Background: What is an Option?

An option is a type of financial derivative, and although it is a pretty fancy name the concept behind it is relatively simple to understand. It is called a derivative because it “derives” its value from the value of another financial instrument. That can be a company stock or a bond. Because the price of the financial instrument (called the “underlying”) can fluctuate from time to time, the fundamental value of the derivative can vary greatly any given second. This is different from that of a company’s stock because its fundamental value is derived partially by the condition of the company itself. That changes over a very long period of time.

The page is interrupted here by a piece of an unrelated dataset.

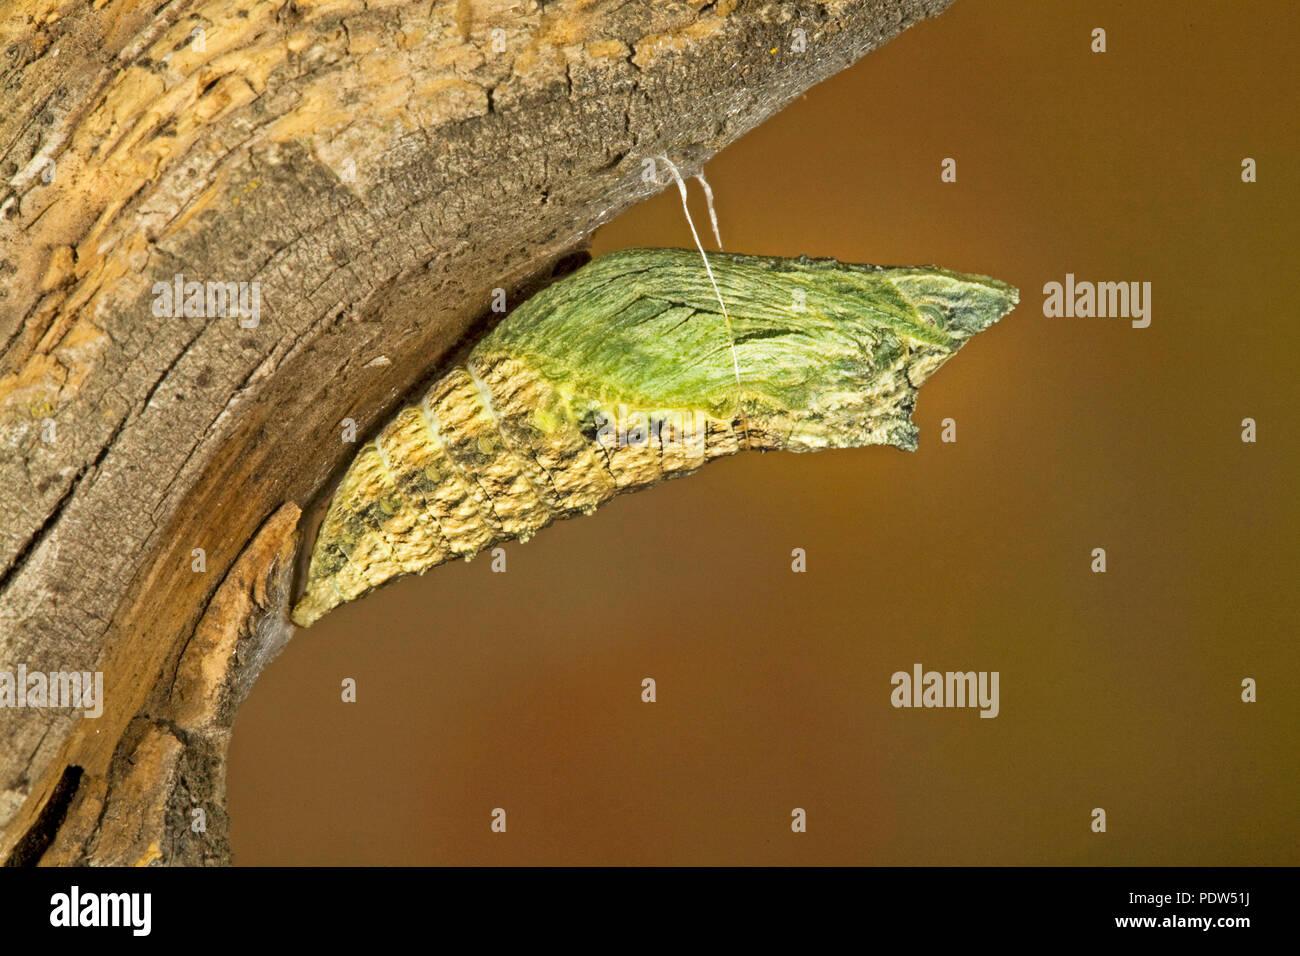 L'étape d'une chrysalide Anis swallowtail butterfly, Caterpillar, silked Papil à une branche d'arbre, dans la chaîne des Cascades de centre de l'Oregon. Photo Stock
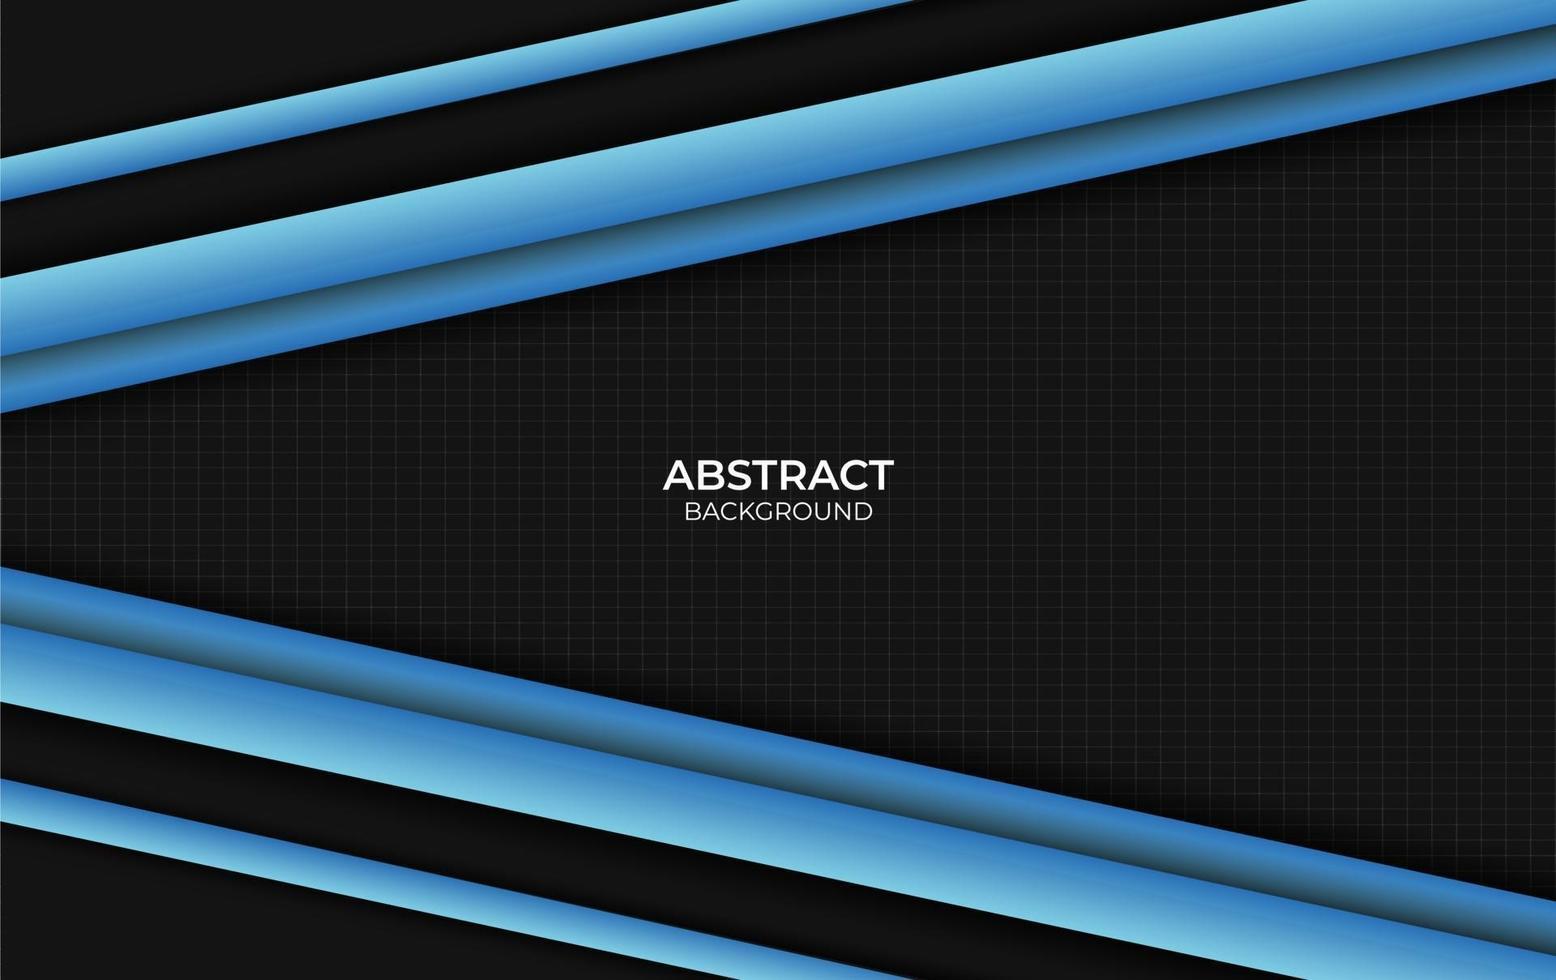 fond abstrait design bleu et noir vecteur

The value of an option is very volatile because there is a double market effect on the price. Not only is the market affecting the price of the underlying financial instrument, but the market is also affecting the price of the derivative itself! There are times when a derivative can be under or overpriced by the market just like with any regular stock. The only problem is that this time frame of under or over pricing can last for a very short time because the fundamental value of the derivative changes so quickly.

An option is a derivative that gives people the “option” (thus the name) to purchase the underlying asset for a certain price, which financial people call the strike price. There are two types of options. There are calls, which give you the option to buy something at the strike price and there are puts, which give you the inverse. They let you sell something at the strike price.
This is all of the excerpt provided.